Основных уроков Самарина создатели «Истории литературы США» не забыли, их труд – компендиум (любимое слово Р. М.), компактное вместилище обширнейших упорядоченных сведений. «Поразительно, как они всё это охватили!» – возглас американского литературоведа солидной академической выучки, который увидел переведенные на английский аннотации двух полутомов. Изумление понятно: подобных трудов в Америке уже не пишут – результат долголетнего, охватившего несколько поколений, воздействия так называемой «Новой критики». Авторы труда сами прошли «новокритический» искус, но не поддались ему чересчур. Глава о литературоведении включена во второй полутом шестого тома, есть там и о «Новой критике». Вместе с тем сказано: «Мы не будем говорить о “новой критике” как таковой, сколько постараемся указать на ее истоки» [История литературы США: т. VI, кн. 2, 777]. Иными словами, влияние «Новой критики», пришедшееся на 1940–1970 гг., не рассматривается. Между тем читать и перечитывать по канонам «Новой критики» «труднодоступное» стали именно в те годы и продолжали читать до полного истощения «критического» влияния, наступившего с концом «века критики». А теперь о тогдашем засилии теоретической критики говорится прямо: «Химера».

Читая главу за главой шестого тома, я вспоминал разговор с Алексеем Зверевым, моим литературным противником. Зверев назвал важнейшую, с его точки зрения, особенность современного литературного процесса в США: выживание значительной литературы в обществе потребления. Весомость той оценки сделалась понятна теперь, когда и у нас утвердилась рыночная экономика, а литература как общественная сила исчезла. Нам это, исходя из их опыта, пророчили американские участники двусторонних симпозиумов, но как-то не верилось, мы думали, главное – упразднить «Министерство правдопроизводства», Главлит, и не подозревали, что упразднение цензуры повлечет за собой упразднение литературы.
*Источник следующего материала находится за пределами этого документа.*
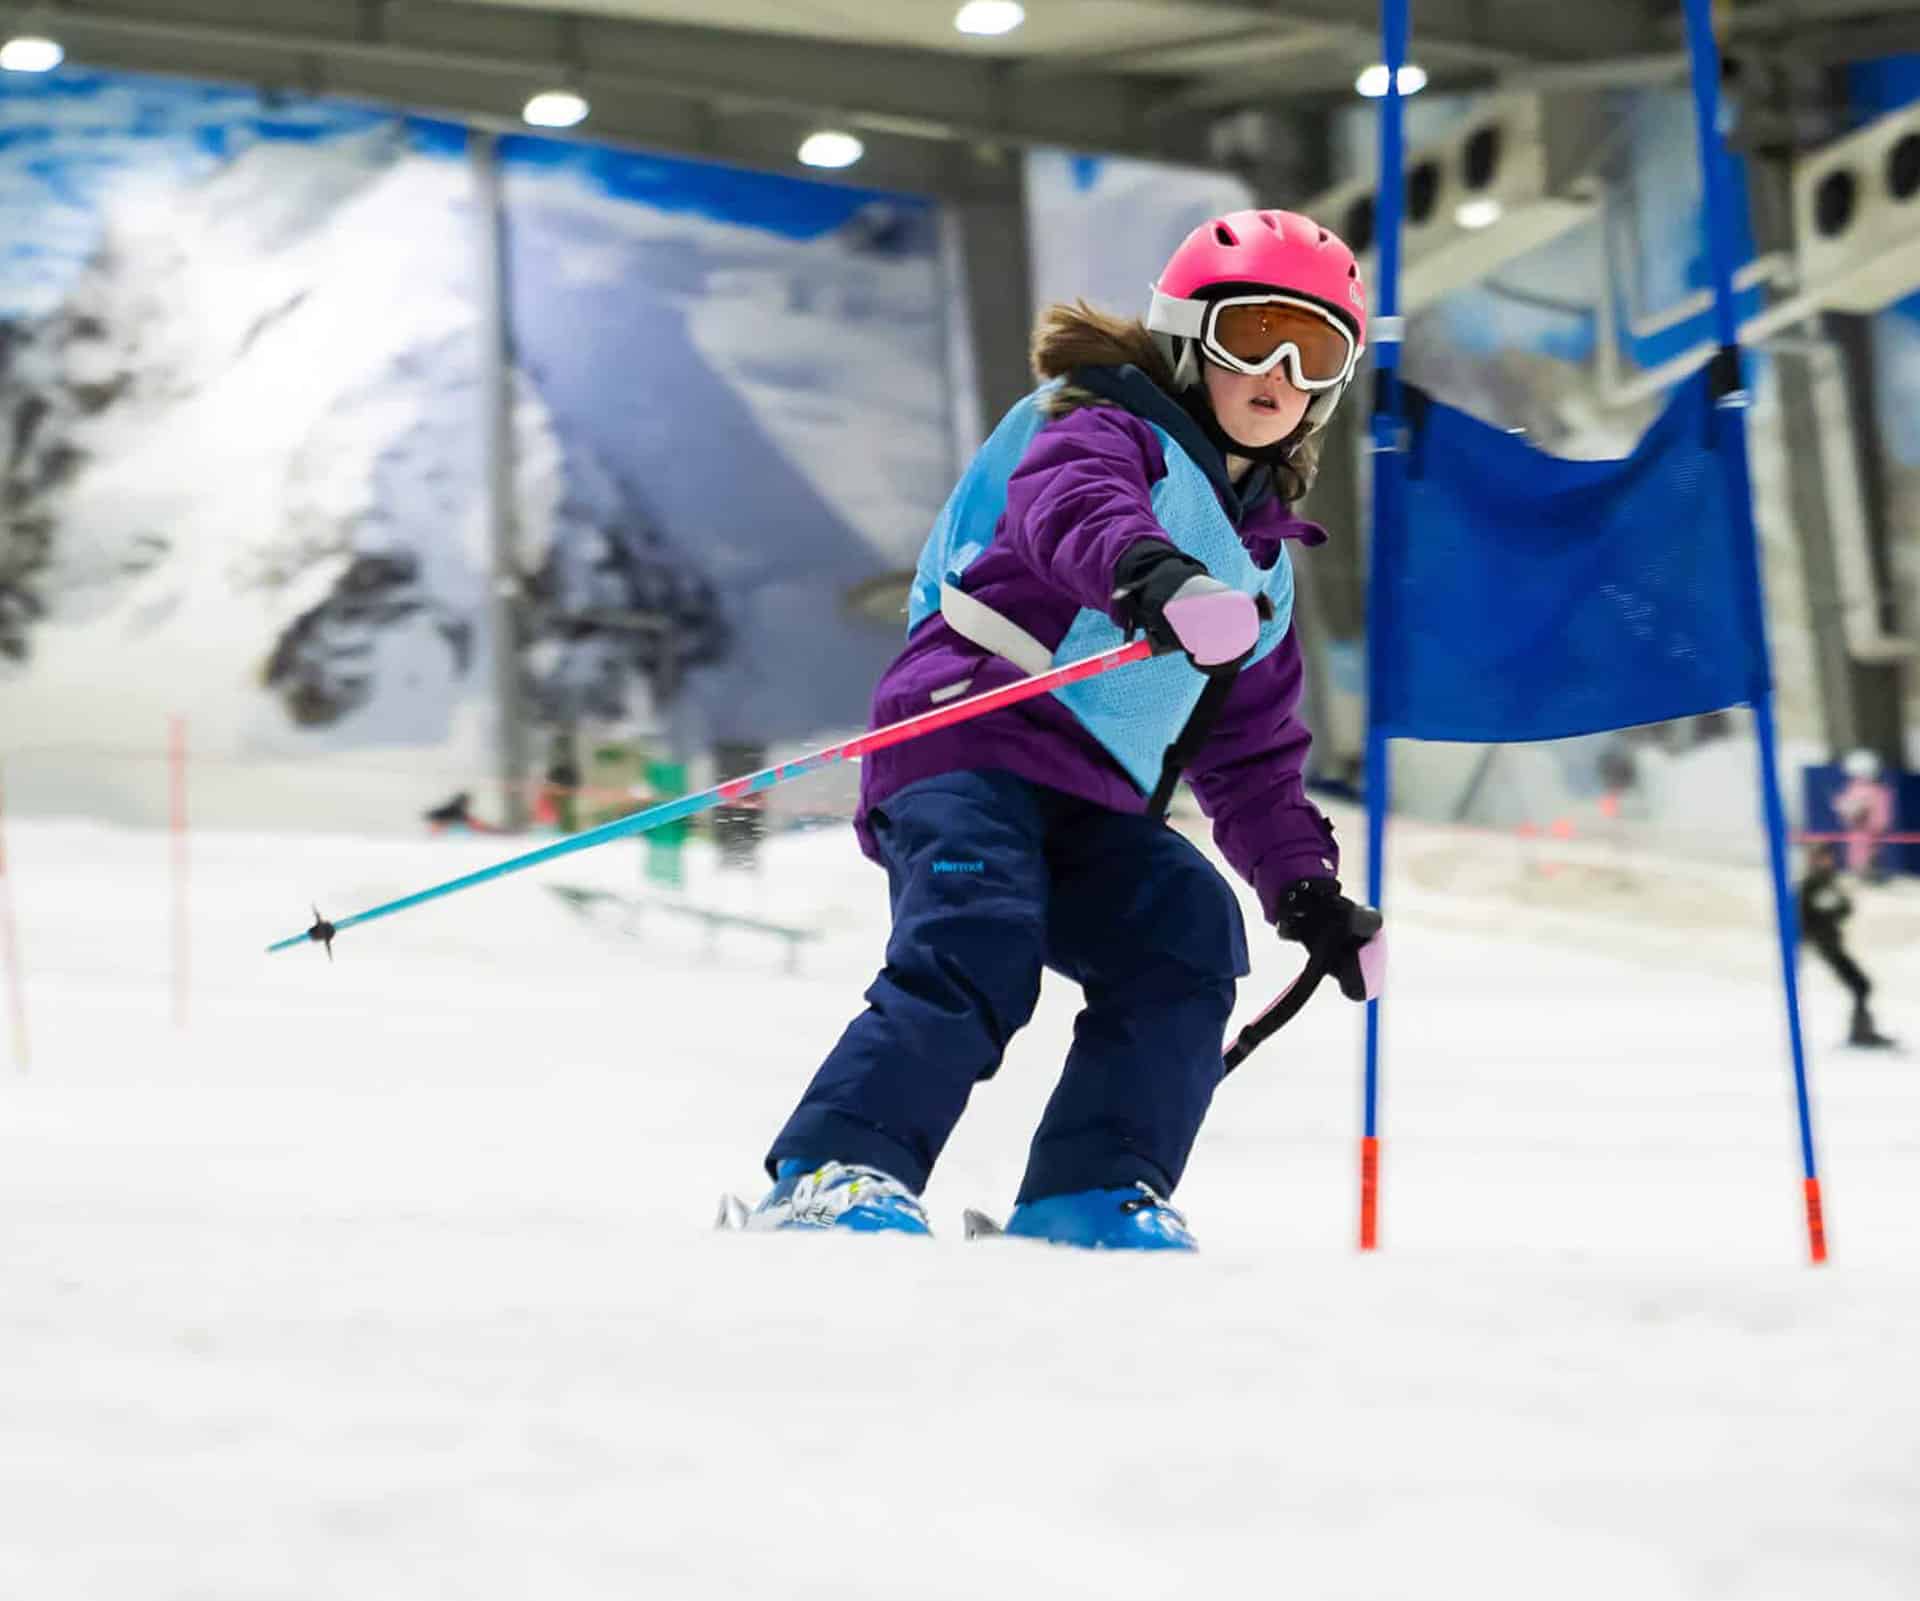 Kids ski racing at Snowplanet

В шестом томе рассматривается, как американская литература создавала многомерную картину происходившего в стране и подрывала идеологию, то есть самооценку, лишенную самокритики. Авторы труда избегают пользоваться словом «разоблачение», тщательно разбирая тексты, они стараются показать, как художественное изображение проверяет самообольщение на прочность и обнаруживает «неразрешенность, а может быть, неразрешимость “американской мечты”»[История литературы США: т. VI, кн.1, 526–529] Как известно, в Америке материальный успех оказался отождествлен с представлением о счастье, тут, читая шестой том, я опять вспоминал Алексея Зверева, одну из его последних статей. Насколько я знаю, он лишь на короткое время бывал за океаном, однако успел взглядом специалиста, осознанно и воочию, убедиться в том, насколько в Америке силен так сказать «противник» серьезной литературы, а для подъема литературы, как видно, необходимо сильное сопротивление.
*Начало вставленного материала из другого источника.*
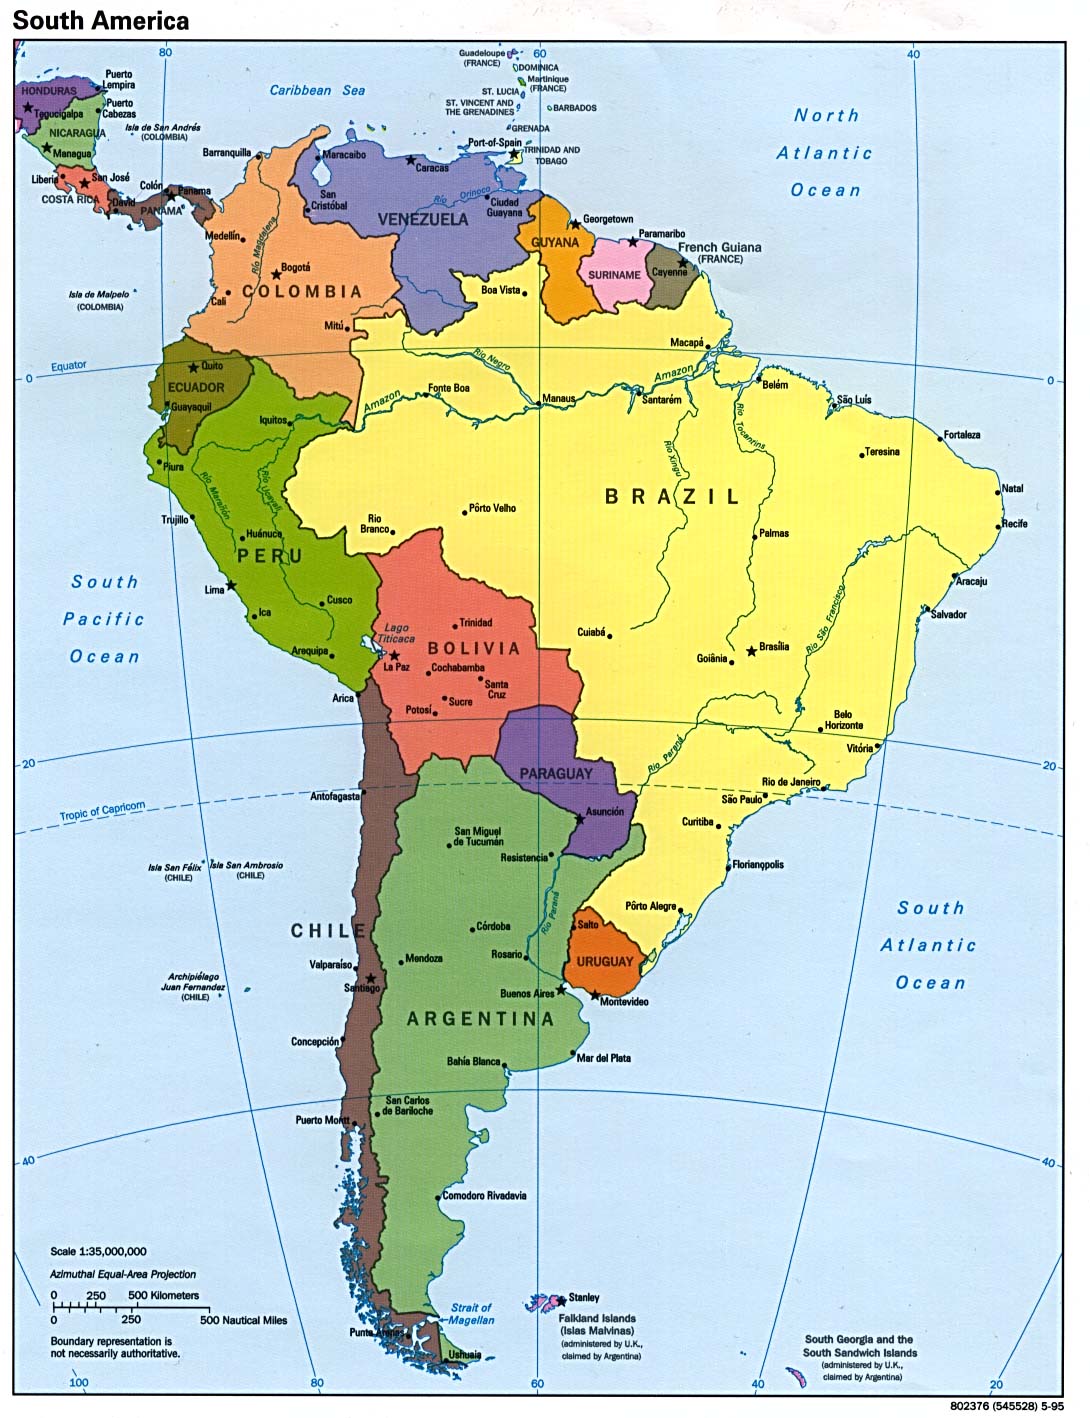 Mapa Político de América del Sur 1995

Достижение материального успеха в американских масштабах – это героическое свершение, это размах, равномерно преобразивший континент от берега до берега, превративший даже глушь и пустыню в благоустроенные национальные парки. Но и оборотная сторона достижений, цена успеха громадны, так что материала для литературы предостаточно. Литературный союзник Зверева, Николай Анастасьев, об этом написал…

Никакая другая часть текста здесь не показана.